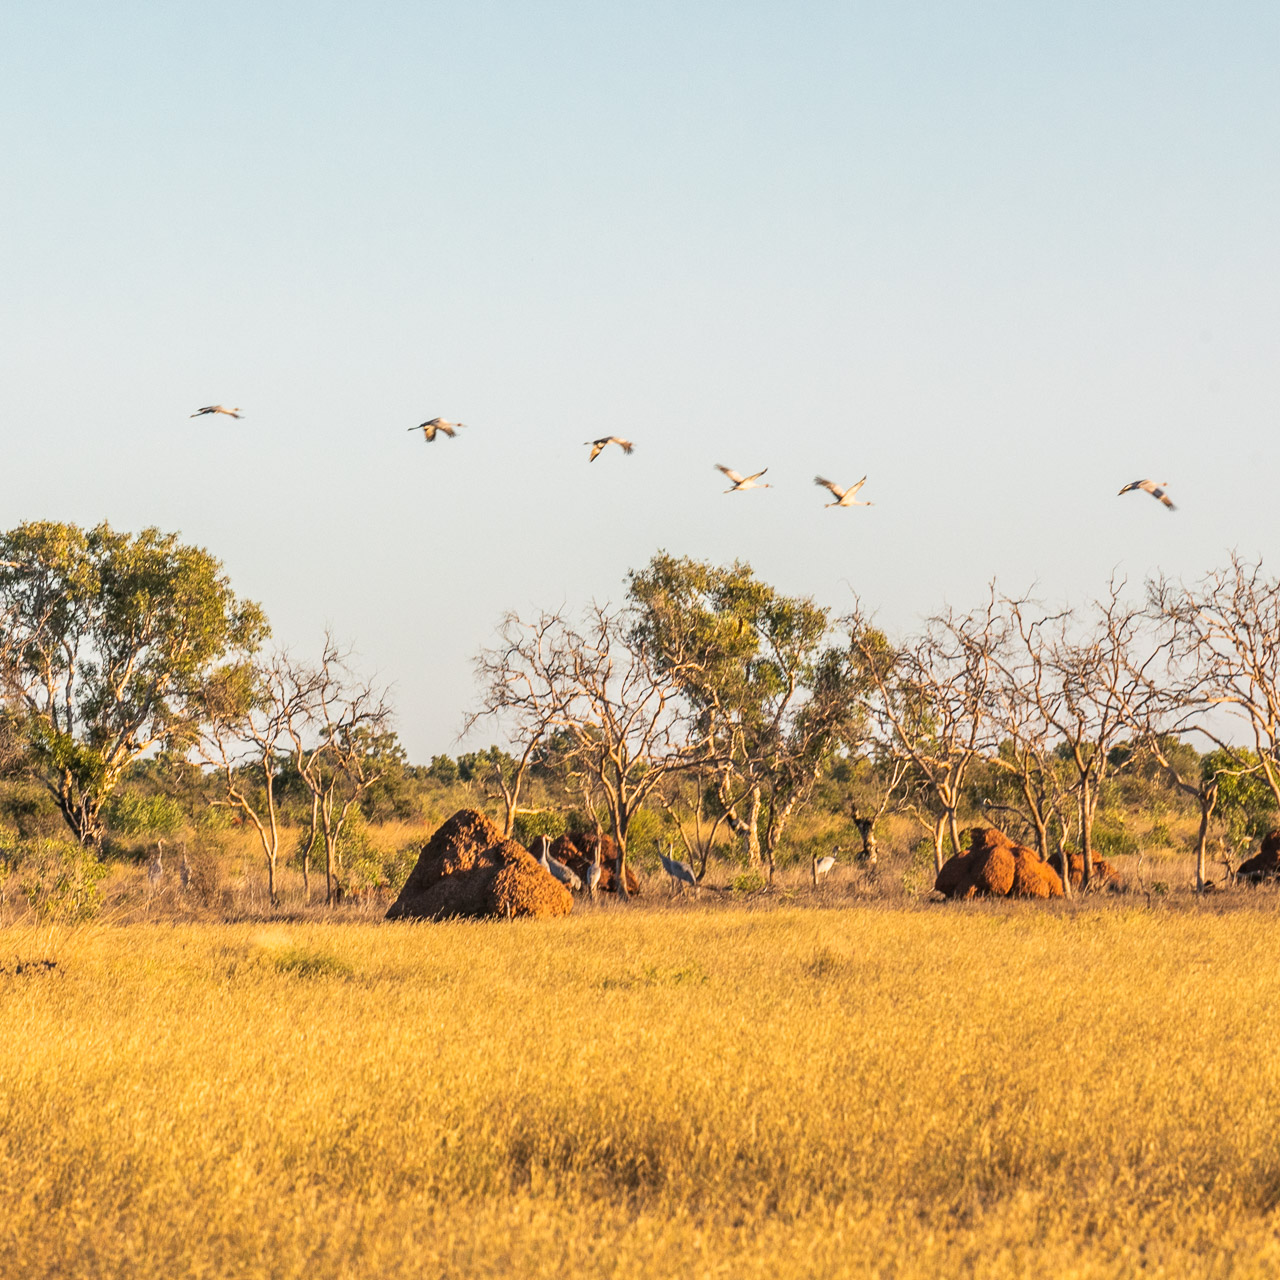 Brolgas and termite hills on the Pilbara coast
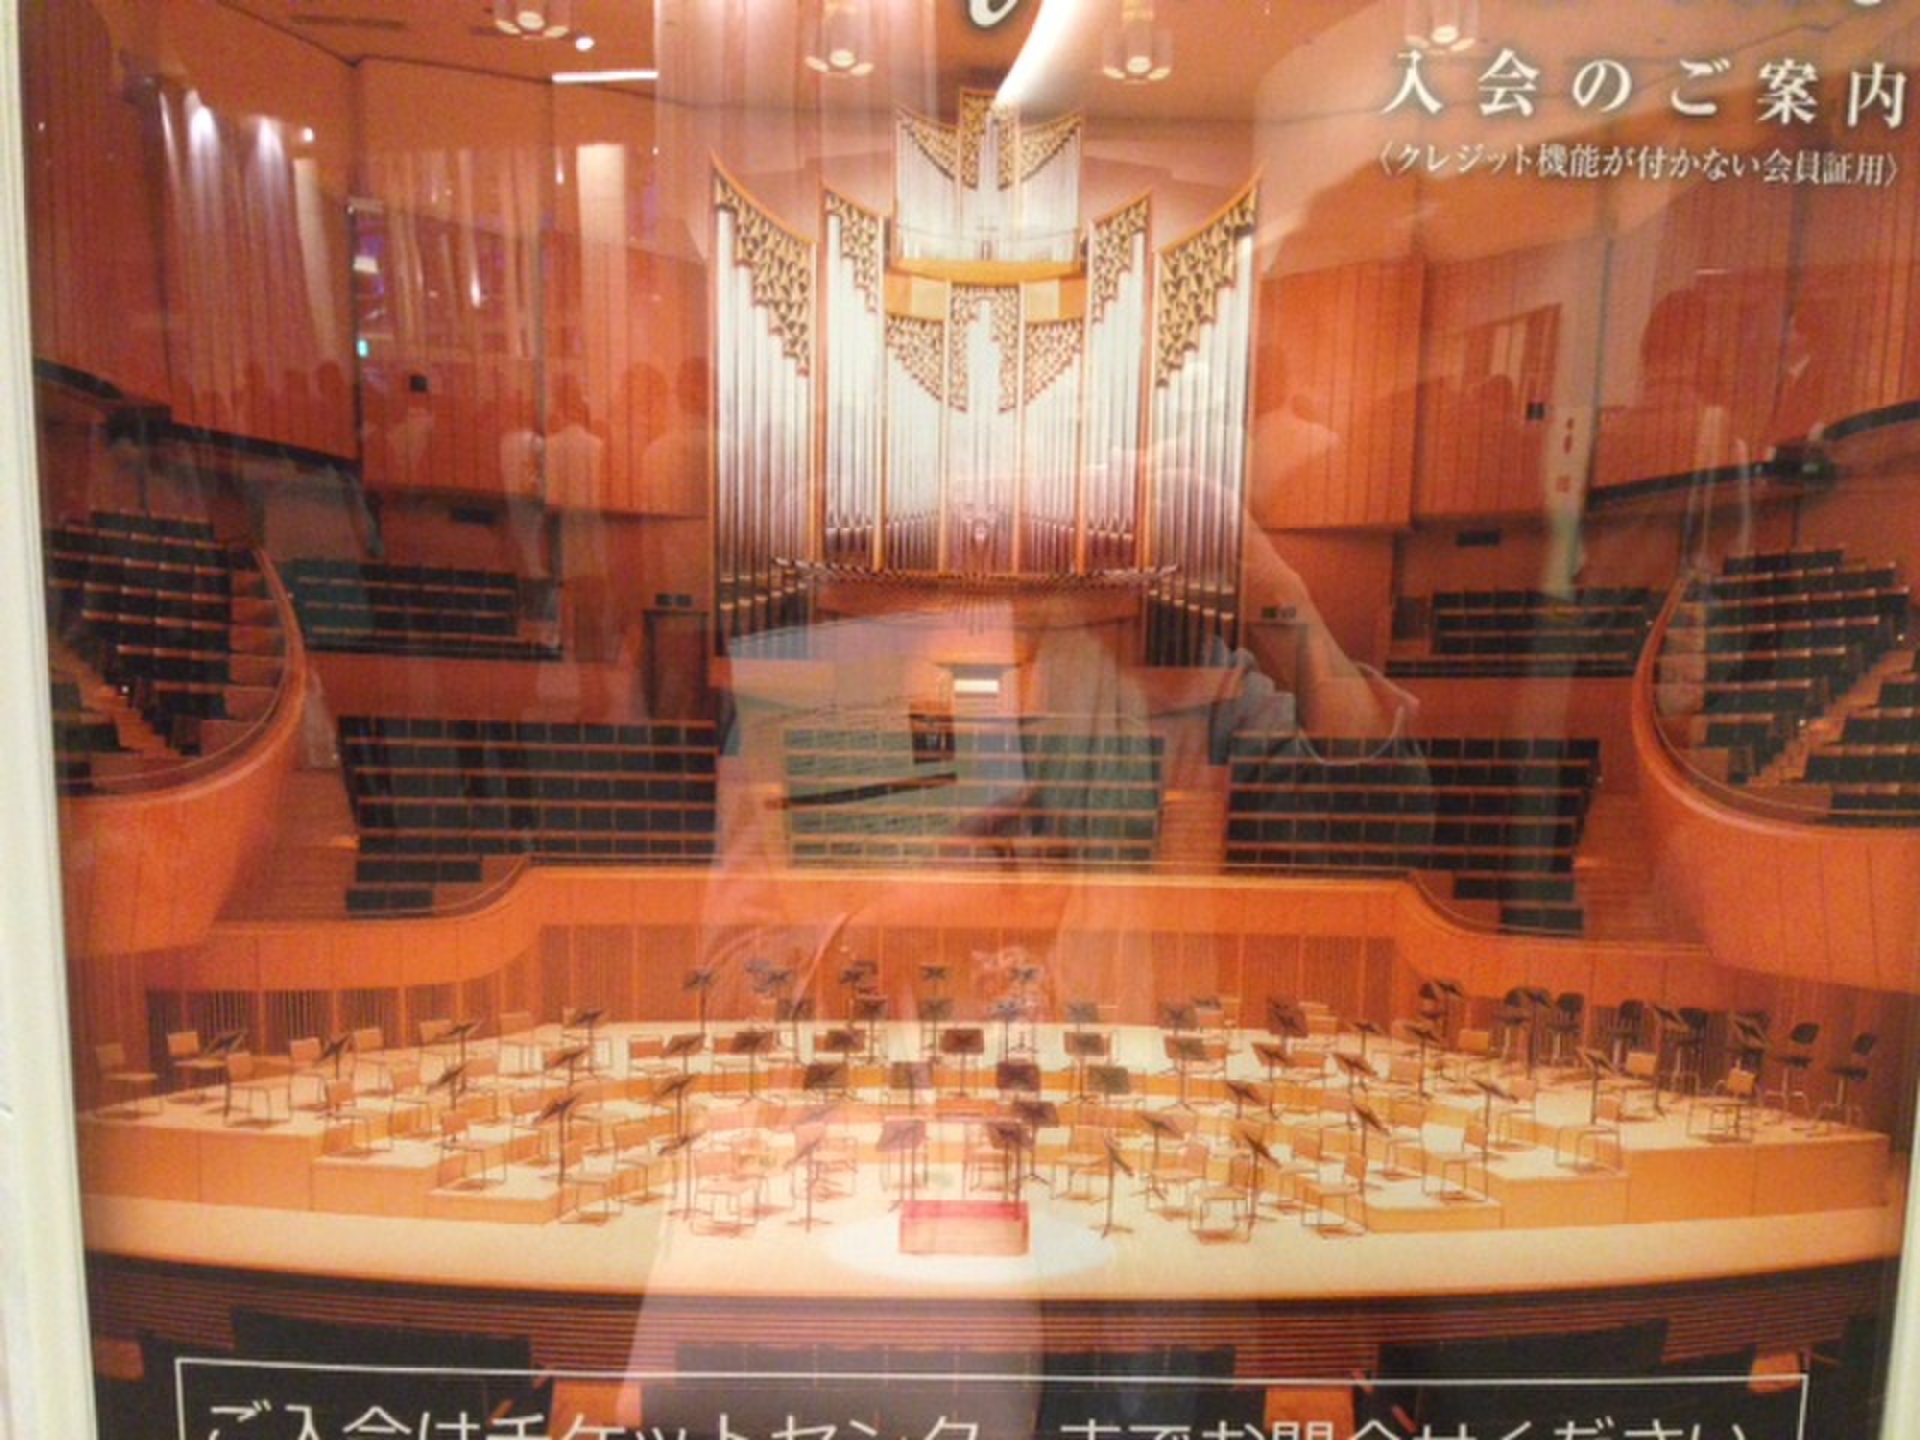 【札幌】パイプオルガンの本格クラシックを気軽に聴ける♪500円コンサートが盛況♪「Kitara」
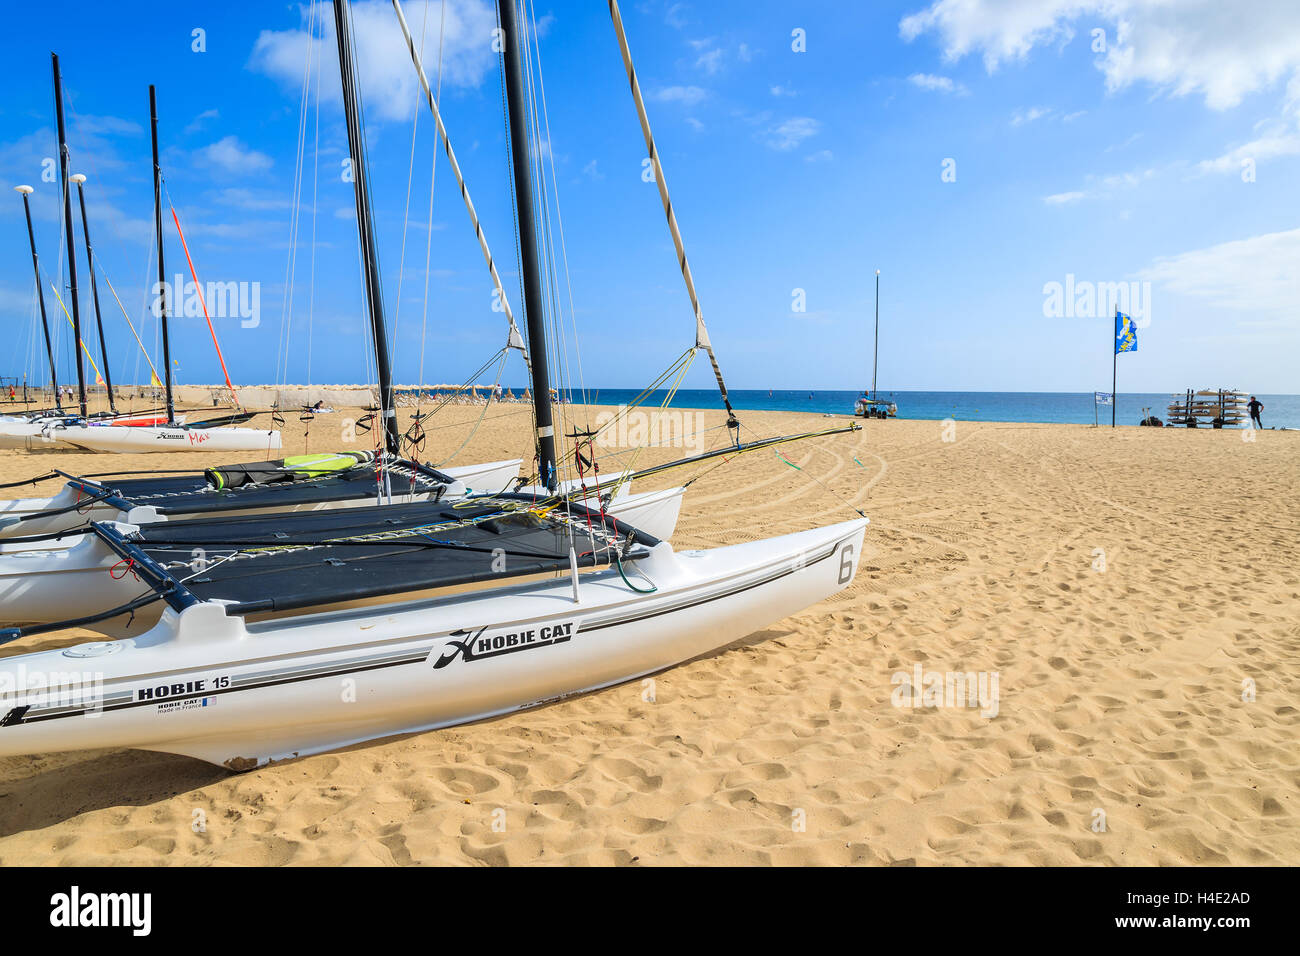 MORRO Jable Fuerteventura - Febbraio 7, 2014: catamarano barche sulla spiaggia di Morro Jable. Si tratta di un popolare resort per vacanze sull isola di Fuerteventura. Foto Stock
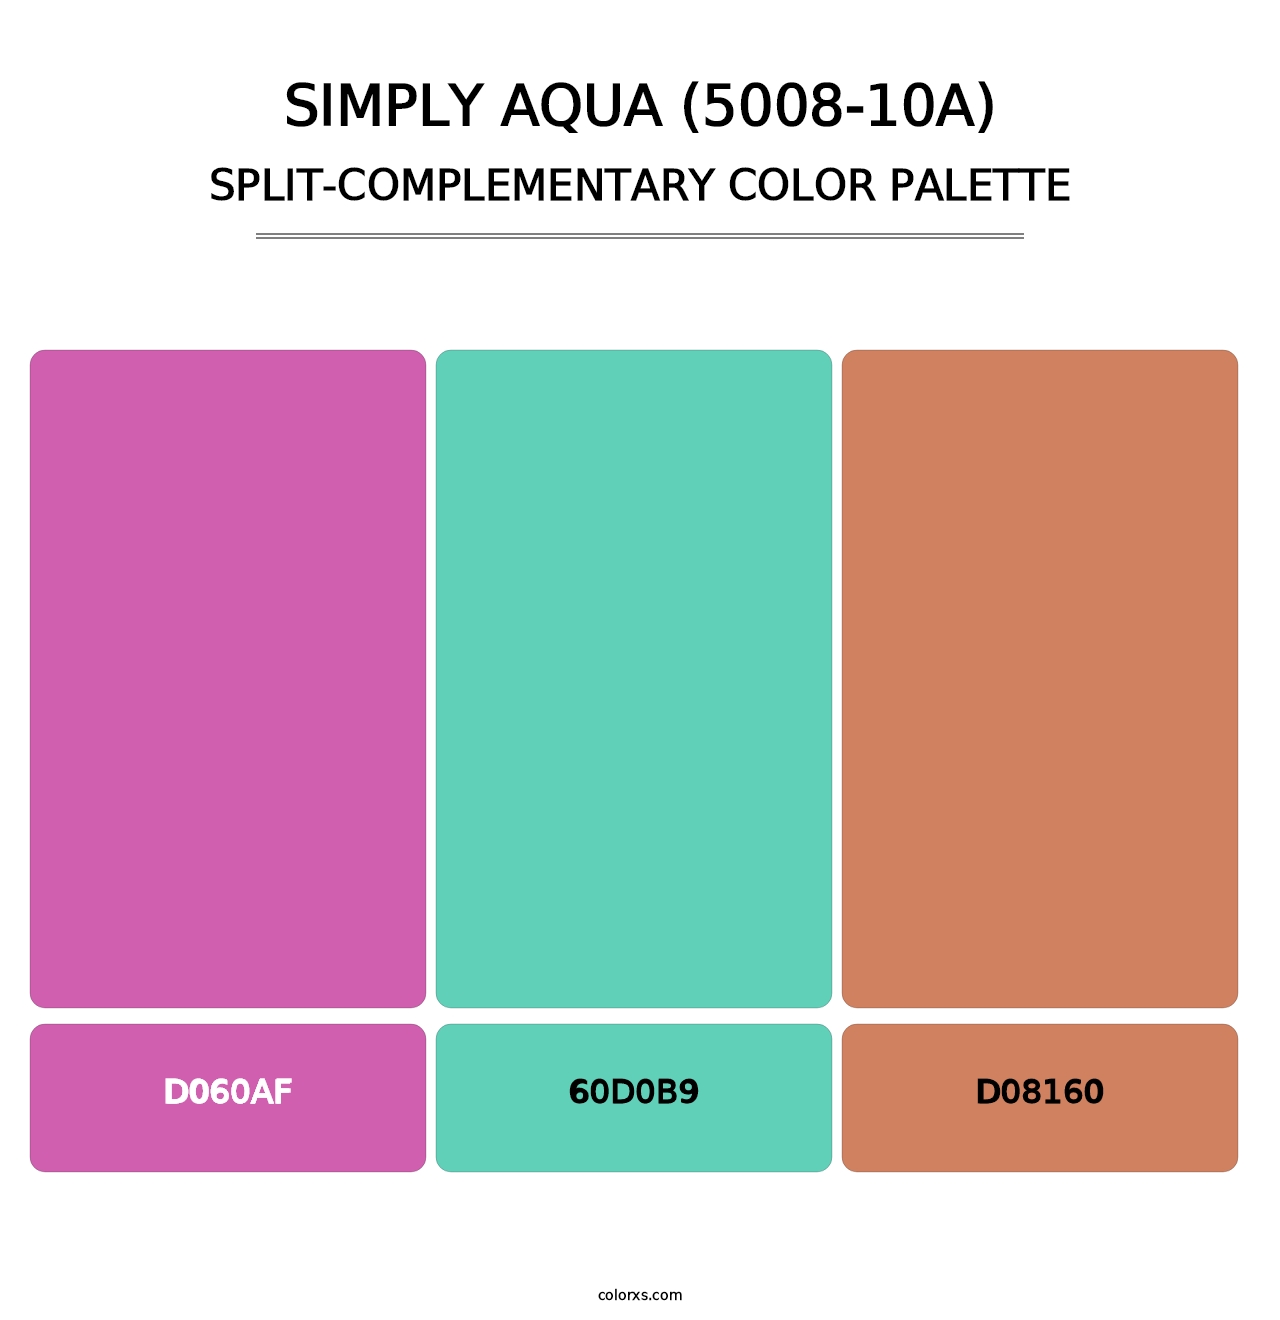 Simply Aqua (5008-10A) - Split-Complementary Color Palette
· · ·
WORK INSTRUCTION:
If the data includes images, skip them and copy every line exactly.

TASK ANSWER:
 Brolgas and termite hills on the Pilbara coast
 【札幌】パイプオルガンの本格クラシックを気軽に聴ける♪500円コンサートが盛況♪「Kitara」
 MORRO Jable Fuerteventura - Febbraio 7, 2014: catamarano barche sulla spiaggia di Morro Jable. Si tratta di un popolare resort per vacanze sull isola di Fuerteventura. Foto Stock
 Simply Aqua (5008-10A) - Split-Complementary Color Palette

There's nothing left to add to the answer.